Cyclin J was identified in Drosophila in a screen for Dm-Cdc2 (cdk) interactors (Finley et al. 1996). This cyclin has been shown to associate with cdk2 and play a possible role in the nuclear form of the cell cycle that occurs within a common cytoplasm (syncytium), in Drosophila early embryogenesis (Kolonin and Finley 2000). EST evidence suggests that the cyclin J homolog is mainly expressed in spleen.
Cyclin ania-6a, also referred to as cyclin L, was identified using a differential display screen in rat brain. Dopamine and glutamate have been shown to induce distinct splice forms of ania-6a, and these forms are able to associate with the orphan CDK, PITSLRE. A close relative was also identified in a database search, termed ania-6b (Berke et al. 2001).
All three L-type cyclins have distinct EST distributions. Although ania-6a and -6b are both reported as brain-specific, there a number of ESTs which indicate that they are expressed in tumors, especially mammary tumors. Ania-6a is also enriched in kidney, whereas ania-6b is enriched in retina. The novel L-type cyclin is represented by ESTs in thymus and bladder.
Another interesting observation when examining the cyclins was the identification of a number of pseudogenes. During the course of annotation and at the BLAST query stage, multiple copies of cyclins B1, B2, D3, L and the novel L were identified within the VPS. In some cases this may be an artefact of the clustering used; however, for two sequences it is clear that they represent processed pseudogenes of cyclins B1 and B2, in that they correspond to intronless versions of the B1 and B2 coding sequence (CDS) with frameshifts. Where it was not possible to discriminate between the two VPS sequences based upon their alignment against the mouse genome, the respective gene was assigned both VPS identifiers. The B1 pseudogene (2610510C05RIK) is transcribed in the sense orientation, maps to chromosome 14 (3696256–3698151), and has four frameshifts relative to the cyclin B1 CDS. The B2 pseudogene (AK048139) maps to chromosome 8 (71302891–71304001), is transcribed in the antisense orientation, and contains multiple frameshifts relative to cyclin B2 CDS. The degraded CDS is more similar to cyclin B2 from golden hamster (CYCLIN B2 [Mesocricetus auratus] – P37883), which perhaps suggests that this is an older pseudogene.

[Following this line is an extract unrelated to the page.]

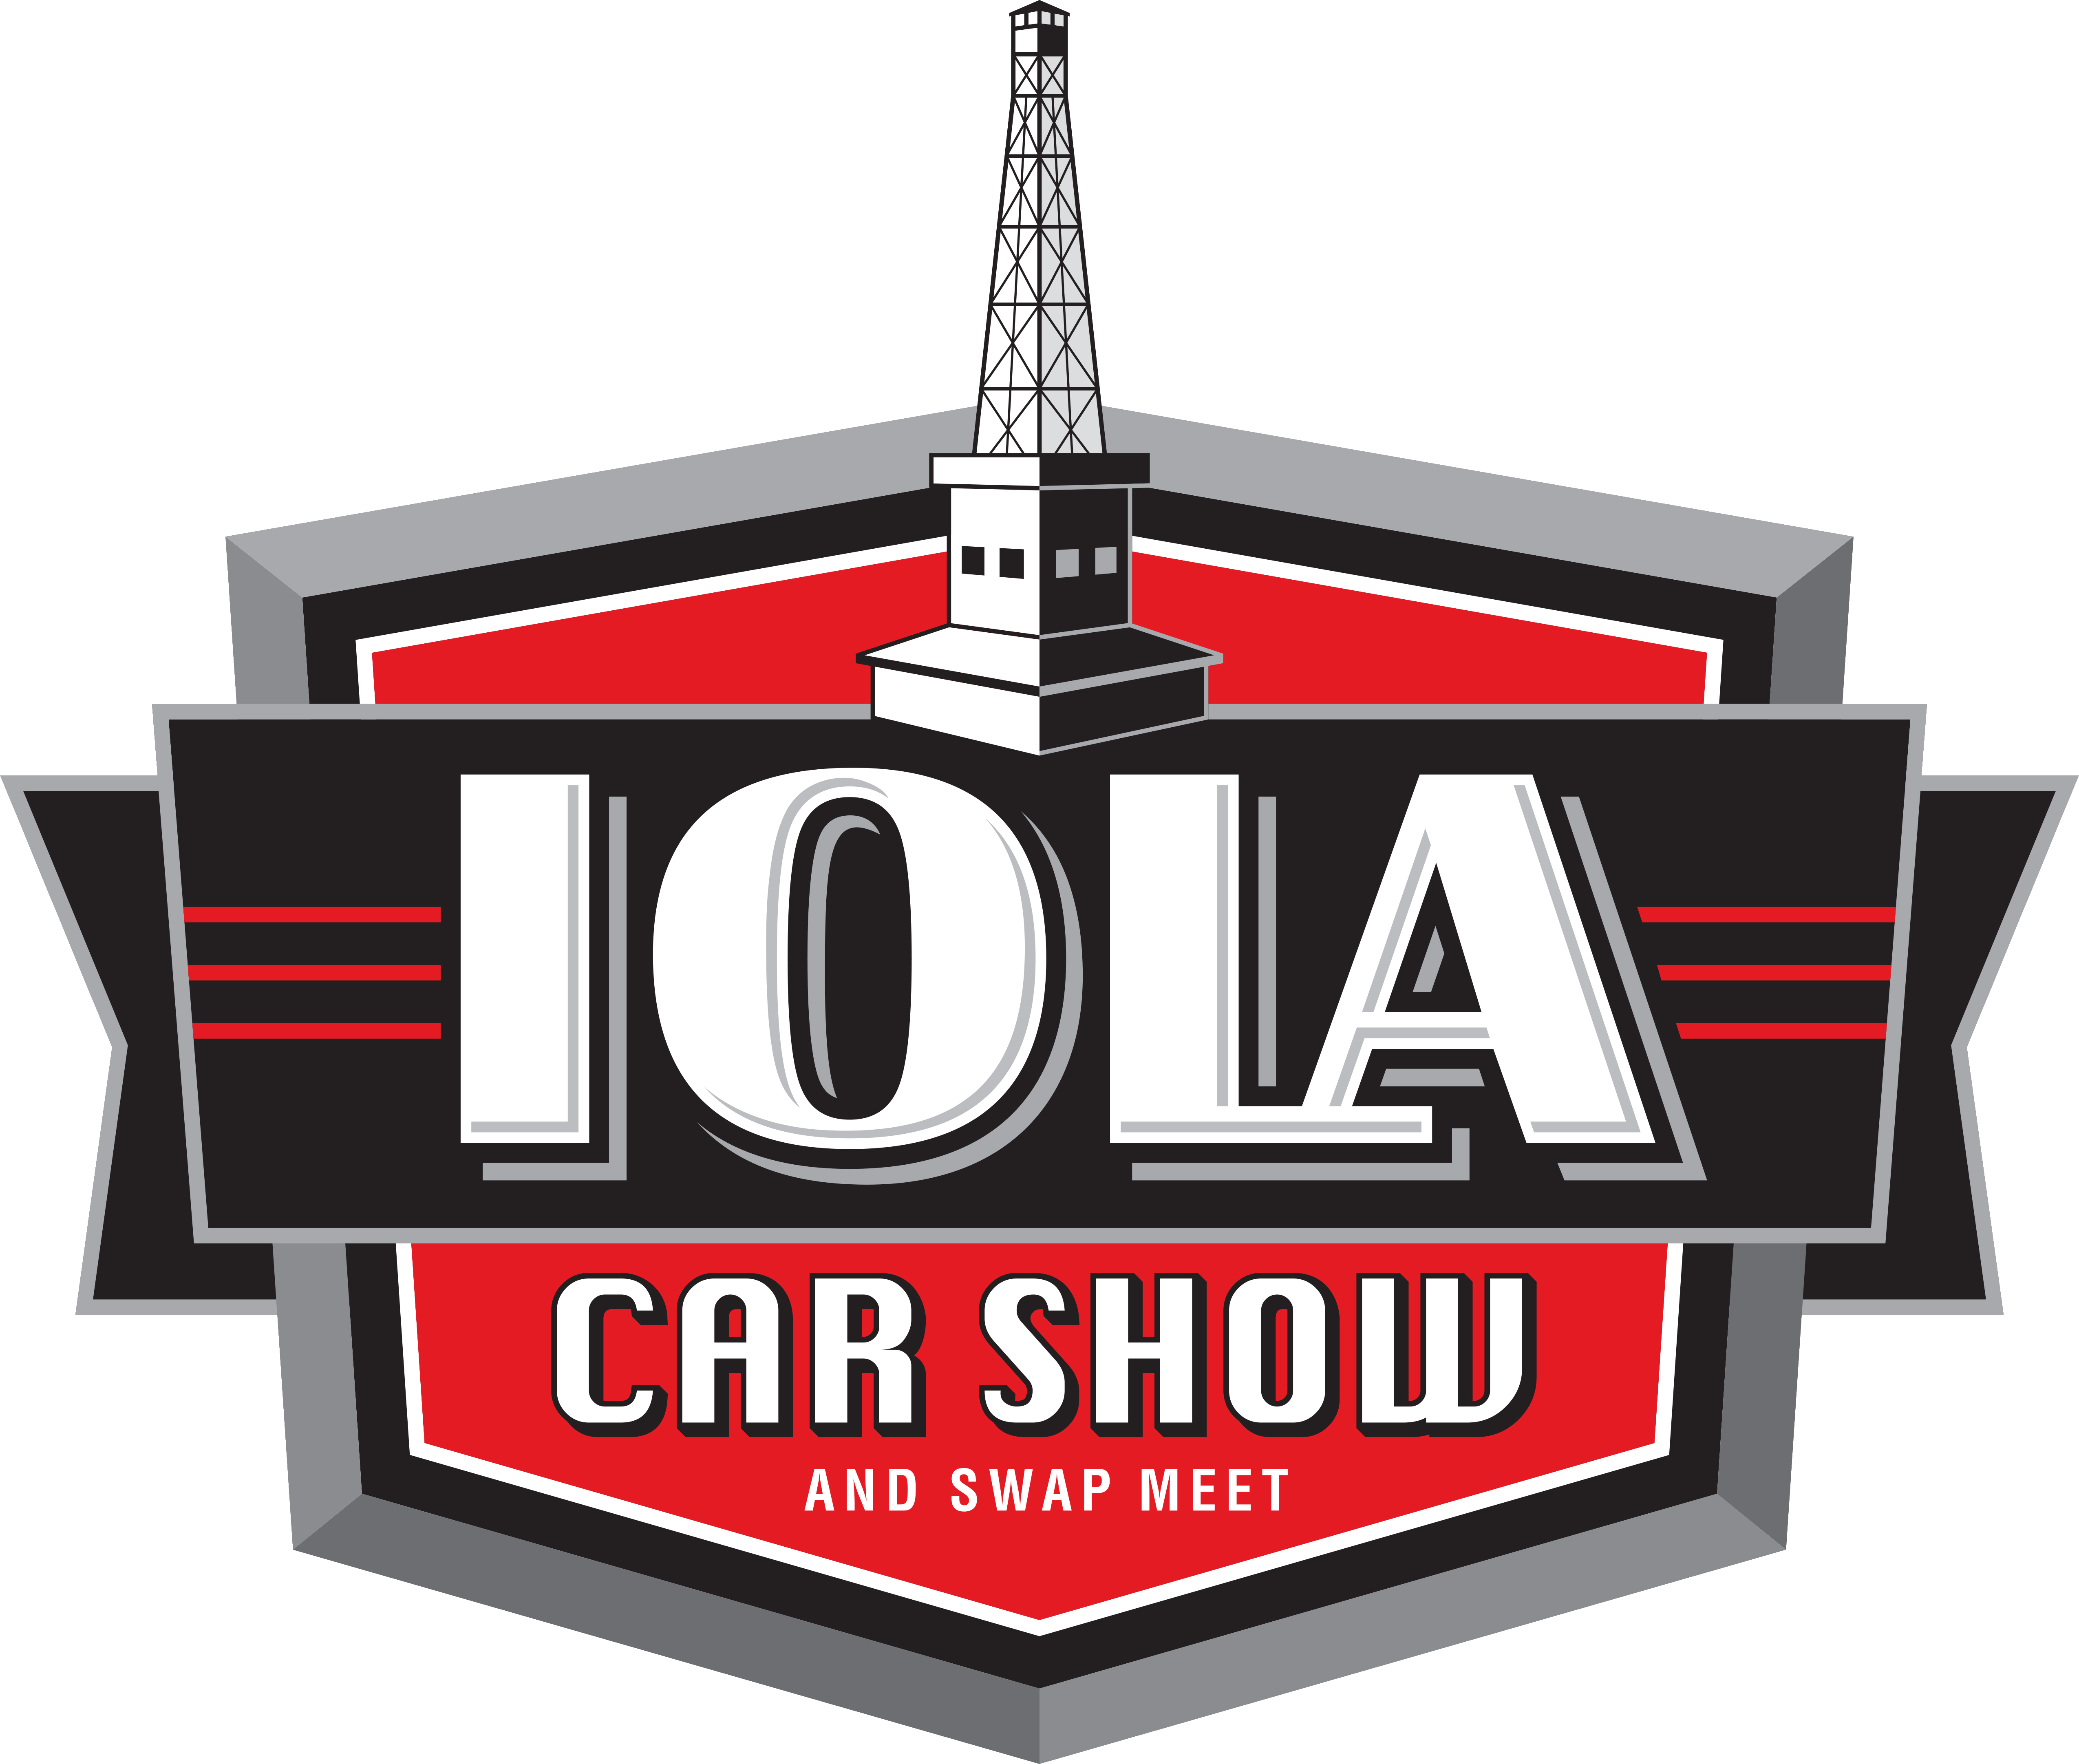 2019-iola-car-show-and-swap-meet

Early mapping studies identified 10 cyclin B-related sequences within the mouse genome (Lock et al. 1992) In the present study, we identified five which are transcribed, three containing functional CDS, and two transcribed processed pseudogenes (both of which have supporting EST evidence other than RIKEN). Other workers have identified pseudogenes of cyclins D2, D3, G1, and UNG (Xiong et al. 1992; Lund et al. 1996; Kimura et al. 1997), with a transcribed cyclin D2 pseudogene suggested as a marker for decreased ovarian function (Kimura et al. 1997). The presence of processed pseudogenes of the cyclins within the transcriptome raises questions about whether these noncoding RNAs play some role in cyclin regulation.
Large-Scale Identification of Candidate Cell Cycle-Related Genes
As outlined in the introduction and Methods section, two sets of bait sequences were produced to mine the VPS for cell cycle-related genes. The first set, “BAIT1” contained 1859 sequences that correspond to genes assigned a cell-cycle role by the Gene Ontology Consortium (2001). The second, “BAIT2” contained 4437 sequences which correspond to eukaryotic sequence entries within SWALL and the IPI which have a reference to cell cycle. These bait sequences were formatted as databases and then used in a BLAST query of the FANTOM2 VPS set.
From the BLAST queries, significant hits (e-30) were observed for 698 of the BAIT1 sequences and 1042 of the BAIT2 sequences. If we cross-compare the VPS entries for which a hit was observed, we find that 416 of the VPS hits are shared between the two queries (Fig. 2A). If we then overlay this with the predictions from the MGI (while only considering the higher-quality predictions, that is, those supported by evidence other than SCOP or InterPro), we find 158 VPS entries supported by all three predictions, 495 by two or more predictions, and 1415 predicted by at least one method. These sequences represent the best hits for each query sequence and are those most likely to be homologs of known cell-cycle genes.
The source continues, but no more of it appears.